Has Super Mario Run Already Peaked?
While both games have a 20% stickiness rating (Verto’s method of comparing daily users to monthly users to quantify the most engaged users; both games’ stickiness ratings were calculated based on an initial 5-day average), Verto data shows that users developed a Pokémon GO habit far faster than Super Mario Run users – and this trend seems likely to increase even further. The number of daily sessions per user as well as the average amount of time that each user spent playing Pokémon GO was far higher than the equivalent metrics for Super Mario Run during each game’s first five days on the market. And while Pokémon GO users quickly increased the number of sessions and the amount of time they spent per day playing the game (rising quickly from eleven minutes per day spent across five sessions to an 78 minutes per day spent across a whopping 25 sessions), Super Mario Run experienced far more modest gains: Verto data shows that user engagement appears to have peaked on the third day after the game was released, with users spending just 27 minutes per day playing the game. By day 5 after release, user engagement with Super Mario Run already seems to be plateauing or even already in decline.

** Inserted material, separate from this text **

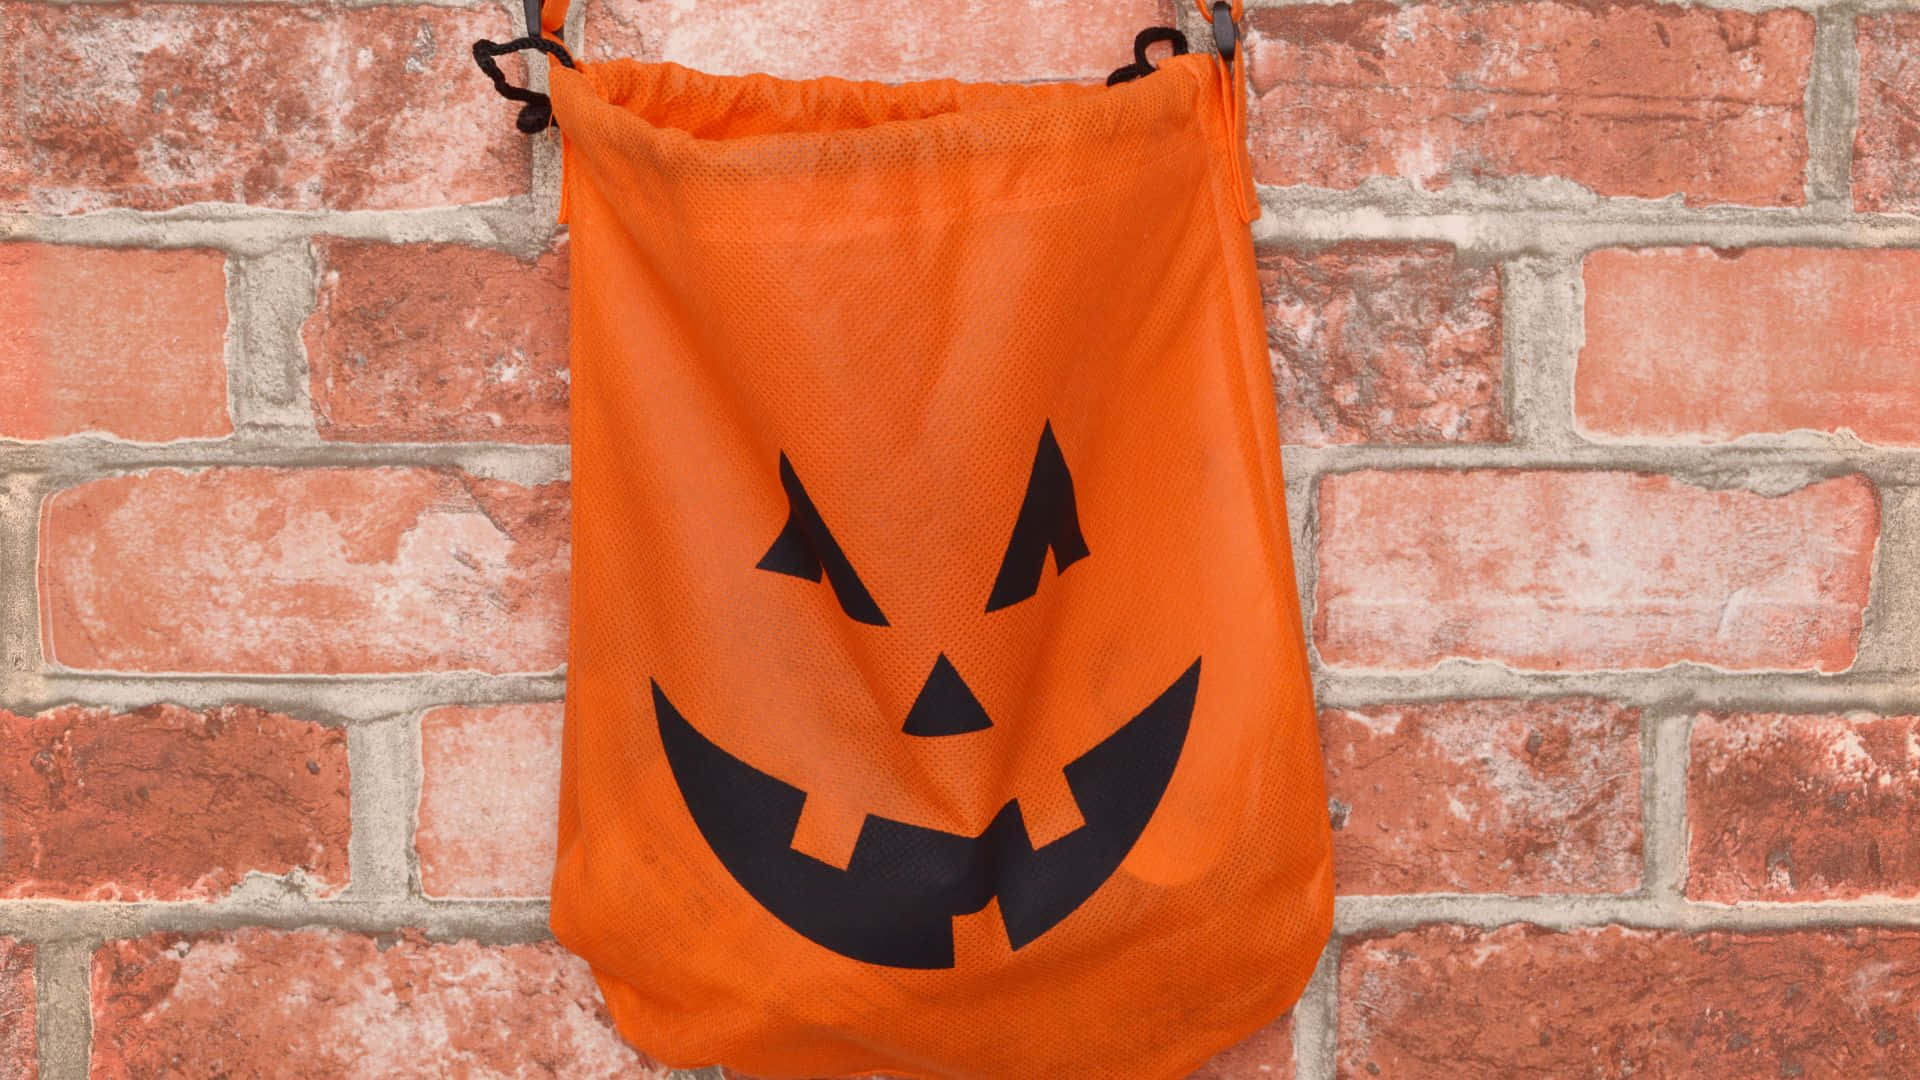 A pile of colorful Trick or Treat bags ready for Halloween night Wallpaper

So is Super Marion Run a flop? The game is barely two weeks old and its release has been confined to iOS devices only, so it’s still too early to call this one. But as Nintendo plans for its next batch of mobile games and the debut of its latest console, the pressure is on for the company to repeat the breakaway success of Pokémon GO. If Super Mario Run – spearheaded by one of the game industry’s most iconic characters – can’t continue to capture consumer attention after a mere five days on the market, Nintendo may need to shift gears.